Never captured (hashed in-process): user input, prompts, completions, tool arguments, tool outputs, error messages, retrieval queries.

Connect Langfuse for deep analysis

If you run Langfuse alongside Dunetrace, you can wire them together so that when a signal fires the dashboard offers an "Explain with Langfuse ↗" button that pulls the actual trace and produces a specific root-cause explanation.

How the IDs align

DunetraceCallbackHandler sets its run_id from the LangChain root run_id. Langfuse v4 independently uses the same LangChain root run_id as its trace_id, but in 32-character hex format (no dashes). They represent the same run.

SystemID formatExample
Dunetrace run_idUUID with dashesb5ed23be-e4f0-43bc-8625-...
Langfuse trace_id32-char hex, no dashesb5ed23bee4f043bc8625...

The Dunetrace API normalises the format automatically when querying Langfuse.
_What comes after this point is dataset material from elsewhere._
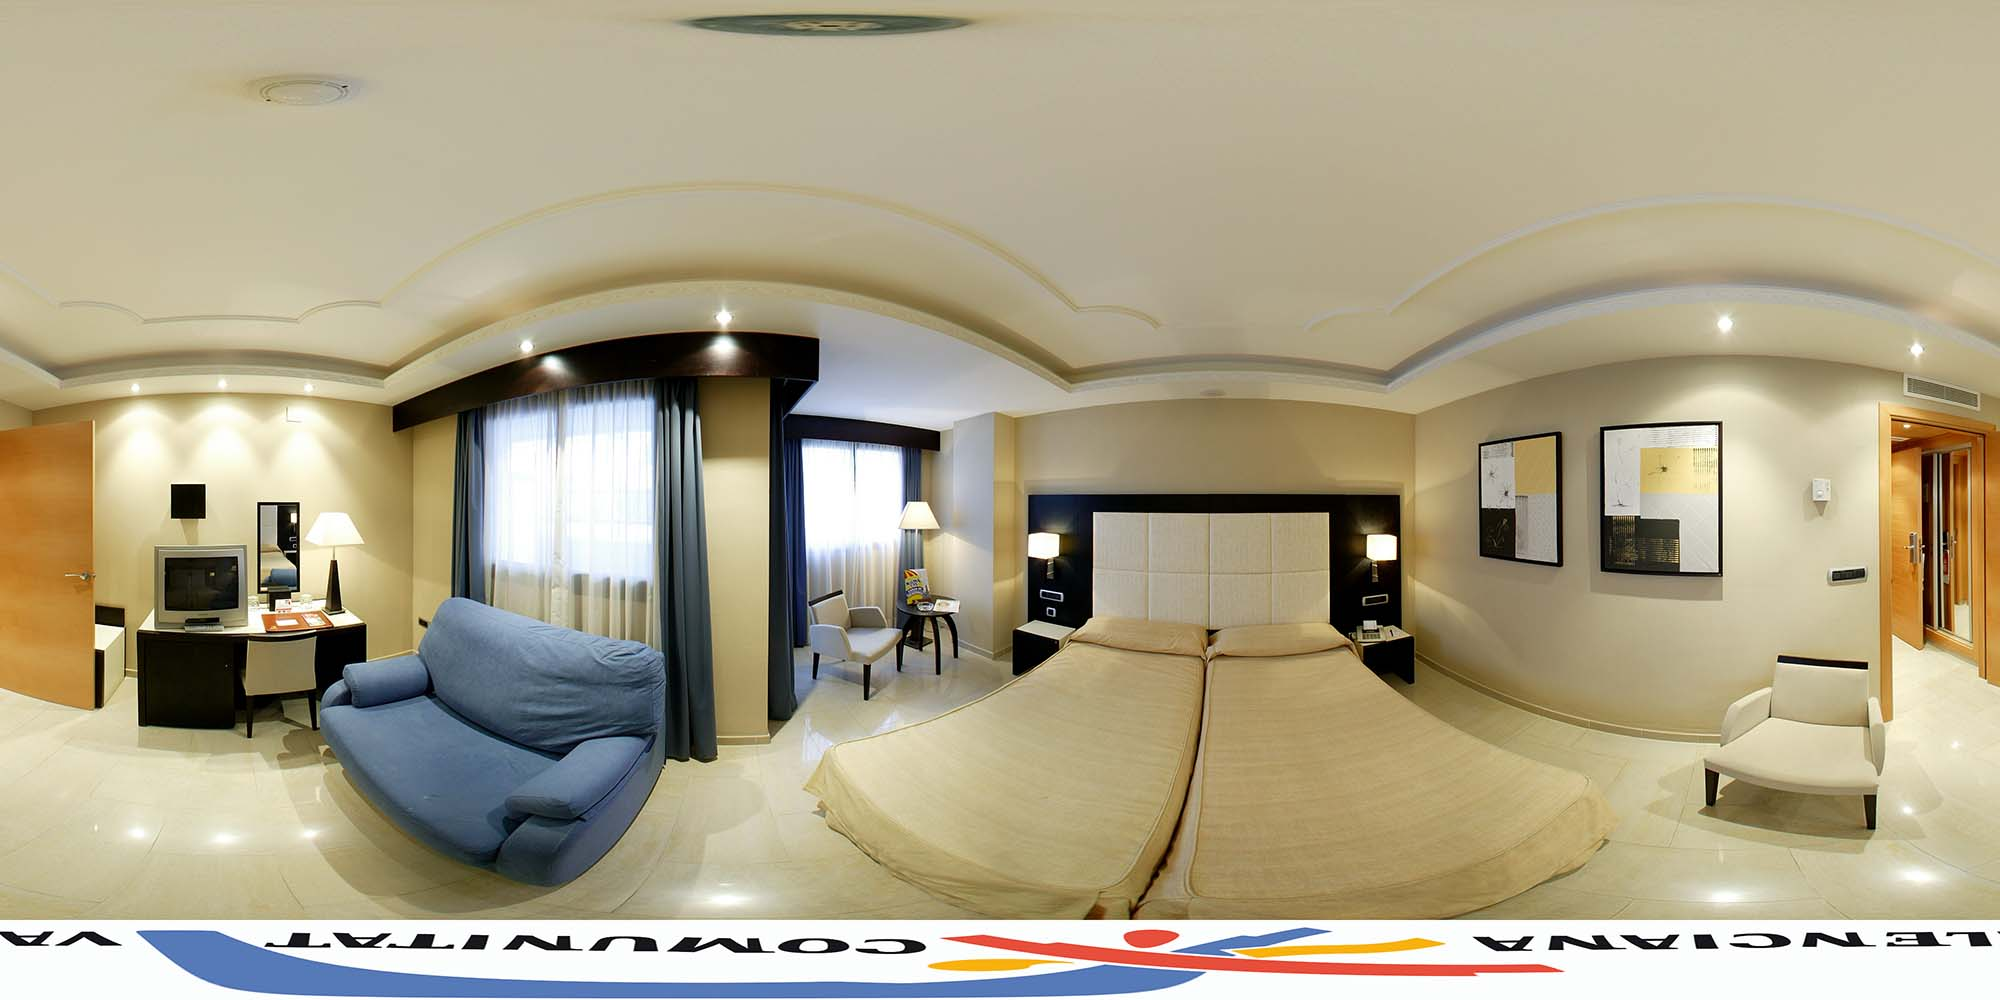 HOTEL MARINA D'OR PLAYA 4*
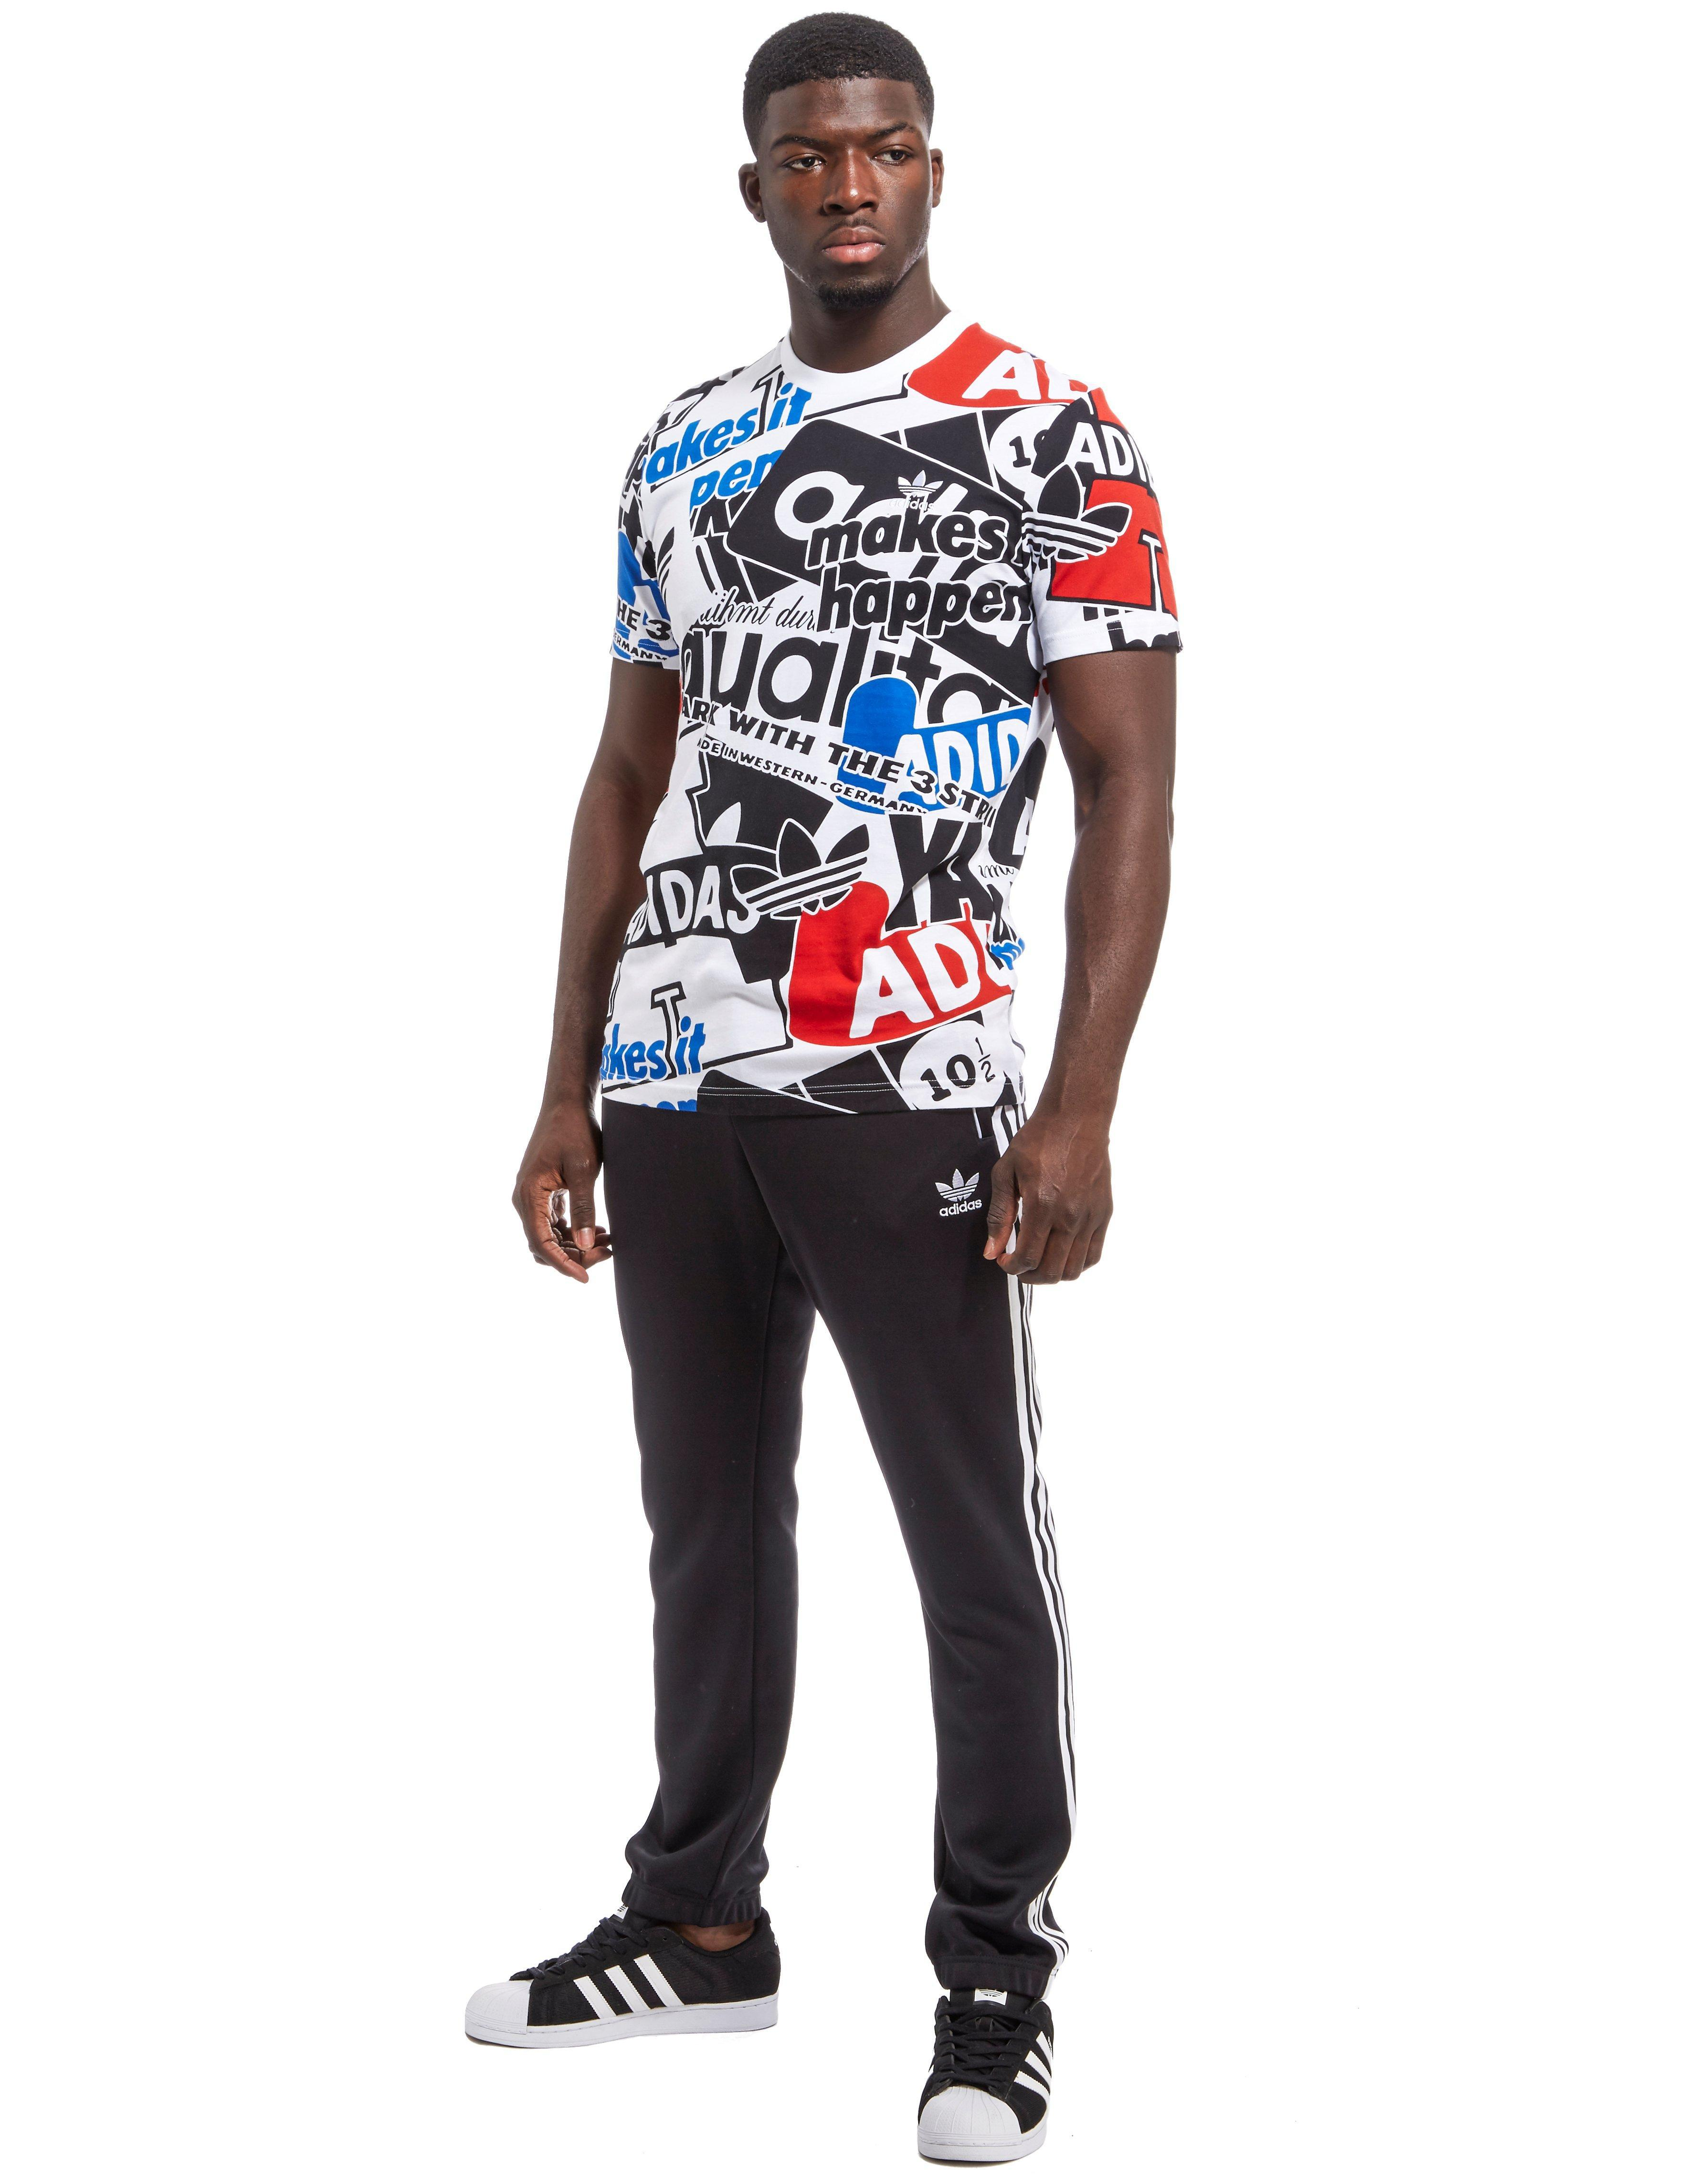 Men's White Loud Aop T shirt

Access both IDs after a run

from langfuse.langchain import CallbackHandler as LangfuseCallbackHandler  # v4+

lf_cb = LangfuseCallbackHandler()   # reads LANGFUSE_* from env

result = agent.invoke(
    {"messages": [("human", query)]},
    config={"callbacks": [callback, lf_cb]},
)

dt.shutdown(timeout=5)

import langfuse as lf_module
lf_module.get_client().flush()   # ensure trace is uploaded

dt_run_id   = callback.last_run_id    # Dunetrace run ID
lf_trace_id = lf_cb.last_trace_id    # Langfuse trace ID

Call the explain endpoint

POST /v1/signals/{signal_id}/explain
Authorization: Bearer <key>
Content-Type: application/json

{"langfuse_trace_id": "<lf_trace_id>"}

See All integrations → Langfuse for the full setup — credentials, .env vars, apply-fix and fix-status endpoints.

Troubleshooting

No runs appear in the dashboard

  • Call dt.shutdown() — events are flushed by the drain thread; without shutdown some may be lost on process exit.
  • Confirm the api_key matches an active = TRUE row in api_keys.
  • Pass debug=True to Dunetrace() for verbose logs.

Token counts missing

Some providers and LangChain versions don't populate token_usage in llm_output. The handler falls back to usage_metadata on the message. If both are absent, token fields are omitted — expected behavior, detectors still run.

Detectors fire too aggressively

Tune detectors.yml on the server — see threshold tuning.